Die kurdische Rebellengruppe PKK kämpft in jüngster Zeit häufig mit solchen Anschlägen gegen die türkische Armee. Die PKK hat die Taktik der "roadside bombs" offenbar im irakischen Bürgerkrieg gelernt - schließlich verschanzen sich die mehreren tausend Kämpfer der Kurdenrebellen im Norden Iraks.

Pan-kurdische Konferenz geplant

Die Bombe traf auch die Hoffnungen auf ein Ende der Gewalt im Kurdengebiet. Erst vor kurzem hatten die irakischen Behörden die PKK aufgefordert, den bewaffneten Kampf gegen Ankara einzustellen. Der Druck auf die Rebellen war groß. Für die kommenden Wochen plant der irakische Staatspräsident Dschalal Talabani, selbst ein mächtiger Kurdenpolitiker, eine pan-kurdische Konferenz, bei der die PKK offiziell zum Gewaltverzicht aufgefordert werden soll.

Nach unbestätigten Berichten sprechen Türken, Iraker, Amerikaner und Europäer hinter den Kulissen auch über die Möglichkeit, den PKK-Anführer freies Geleit in ein Drittland zuzusagen, wenn sie den 1984 begonnenen Kampf gegen Ankara aufgeben sollten. Gleichzeitig macht sich Ankara Gedanken über wirksame Amnestieregelungen, um PKK-Mitgliedern die Rückkehr in ein normales Leben zu ermöglichen. Entsprechende Gesetze müssten für rückkehrwillige Rebellen attraktiver ausgelegt werden, sagte der türkische Generalstabschef Ilker Basbug am Mittwoch.

Erdogan: Kampf gegen die PKK geht weiter

Nie in den vergangenen Jahren waren die Bedingungen für ein Ende der Gewalt im türkischen Kurdengebiet besser. Doch nach dem Anschlag vom Mittwoch könnte es damit vorbei sein. Basbug und Ministerpräsident Recep Tayyip Erdogan kündigten an, der Kampf gegen die PKK gehe weiter.

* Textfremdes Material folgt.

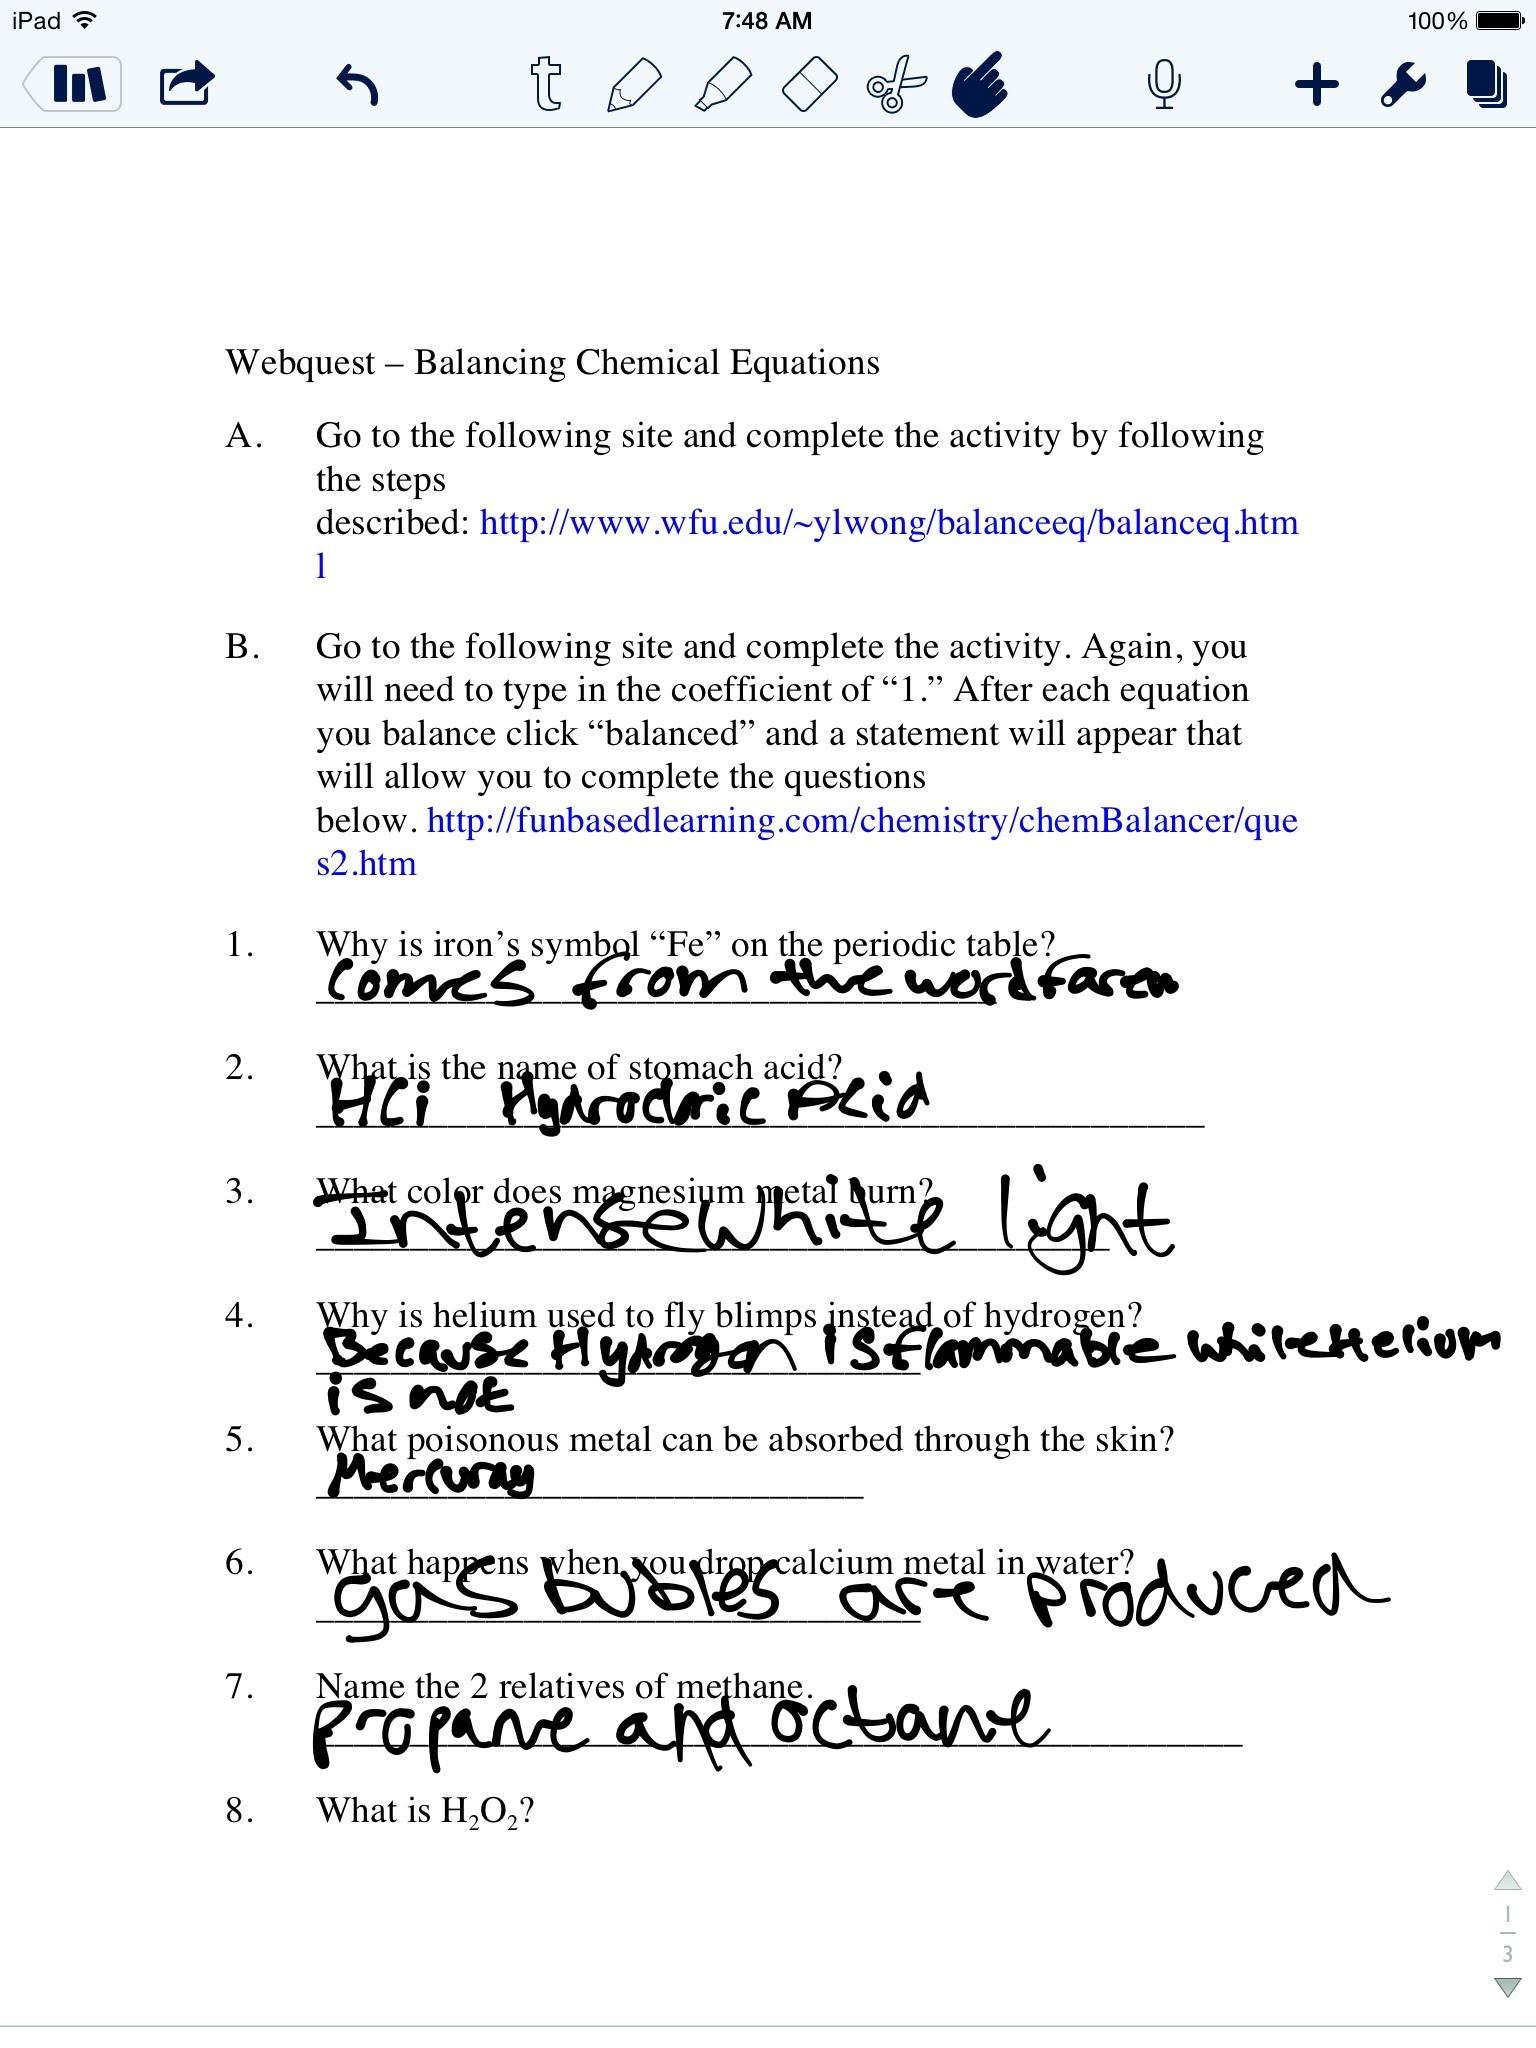 Balancing Equations Worksheet Answers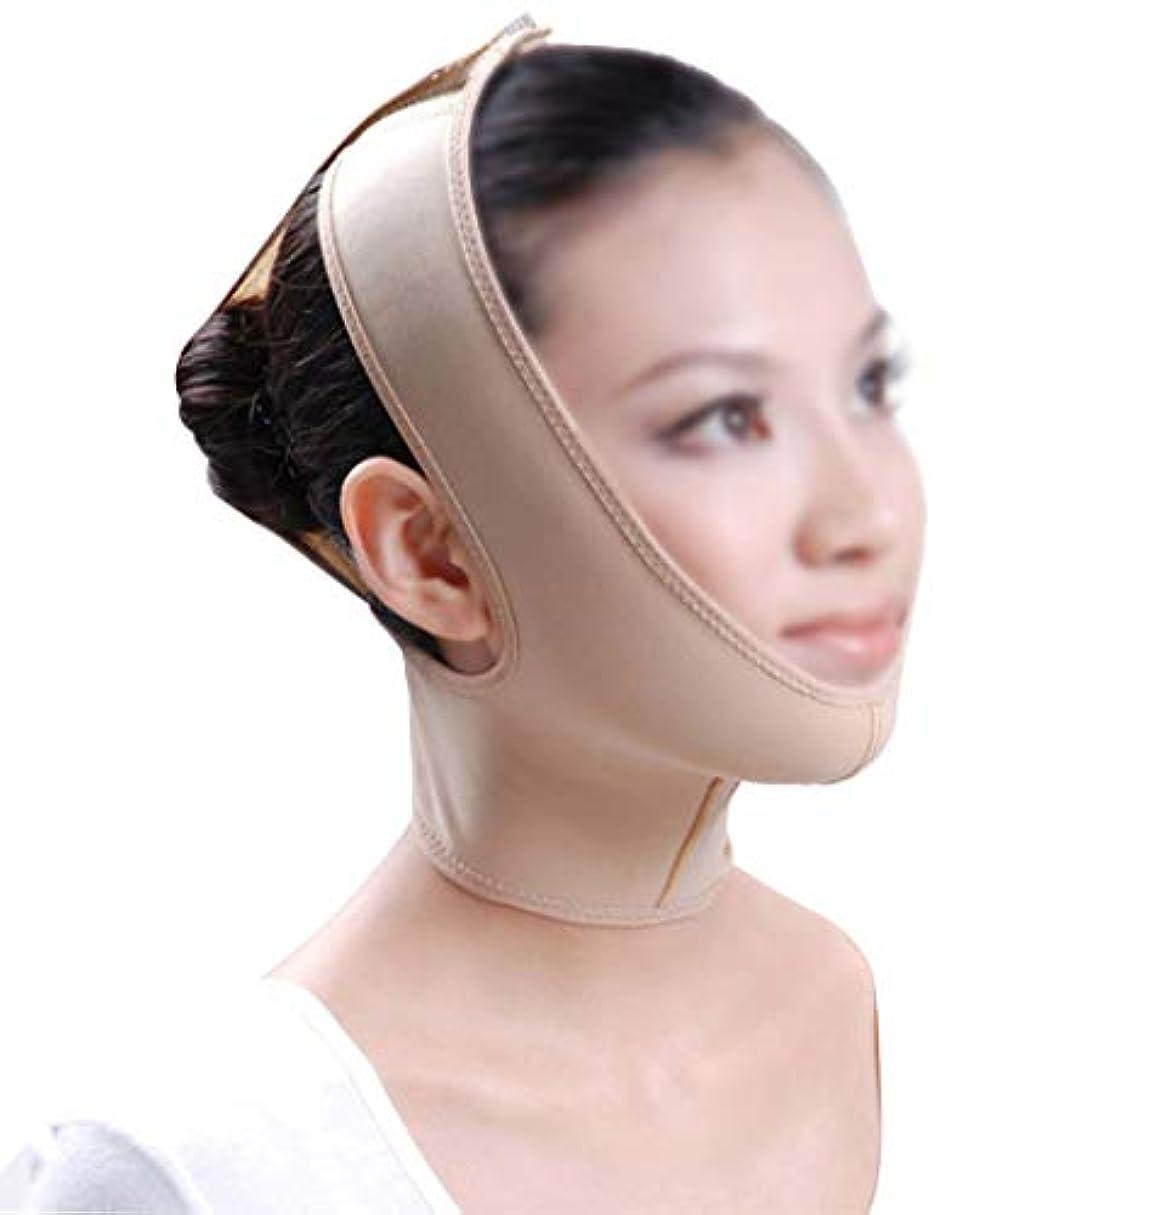 ゼロ栄光書誌GLJJQMY 引き締めマスクマスク強力なフェイスリフティングリハビリ弾性フェイスリフティング引き締め首あご整形リハビリチンスリーブ 顔用整形マスク (Size : XL)

Die PKK selbst äußerte sich am Mittwoch zunächst nicht zu dem Anschlag. Die Rebellen hatten erst vor kurzem eine einseitige Waffenruhe ausgerufen, die bis Juni dauern sollte. Anfang der Woche sagte der PKK-Oberkommandant Murat Karayilan dem arabischen Fernsehsender Al-Jazeera, eine politische Lösung des Kurdenkonflikts sei "nah". Zugleich betonte er jedoch die Kampfbereitschaft seiner Organisation. Deshalb stellt sich nun die Frage, ob der Bombenanschlag von der PKK-Führung angeordnet wurde und damit den Beginn einer neuen Eskalation markieren könnte, oder ob die Bombe von einer Rebelleneinheit auf eigene Faust gezündet wurde.

Angesichts des verworrenen Frontverlaufs im türkischen Kurdenkonflikt dürften aber bald auch Spekulationen über eine Verwicklung der türkischen Sicherheitskräfte aufkommen. In den vergangenen Jahren gab es mehrfach Fälle, in denen Soldaten oder Polizisten selbst Bombenanschläge verübten, um Spannungen in der Region zu schaffen oder zu erhalten, um ihre eigene Existenz zu rechtfertigen. Nur eins ist nach dem Tod der Soldaten in der Nähe von Lice sicher: Eine friedliche Lösung des Kurdenkonflikts in der Türkei ist erneut in weite Ferne gerückt.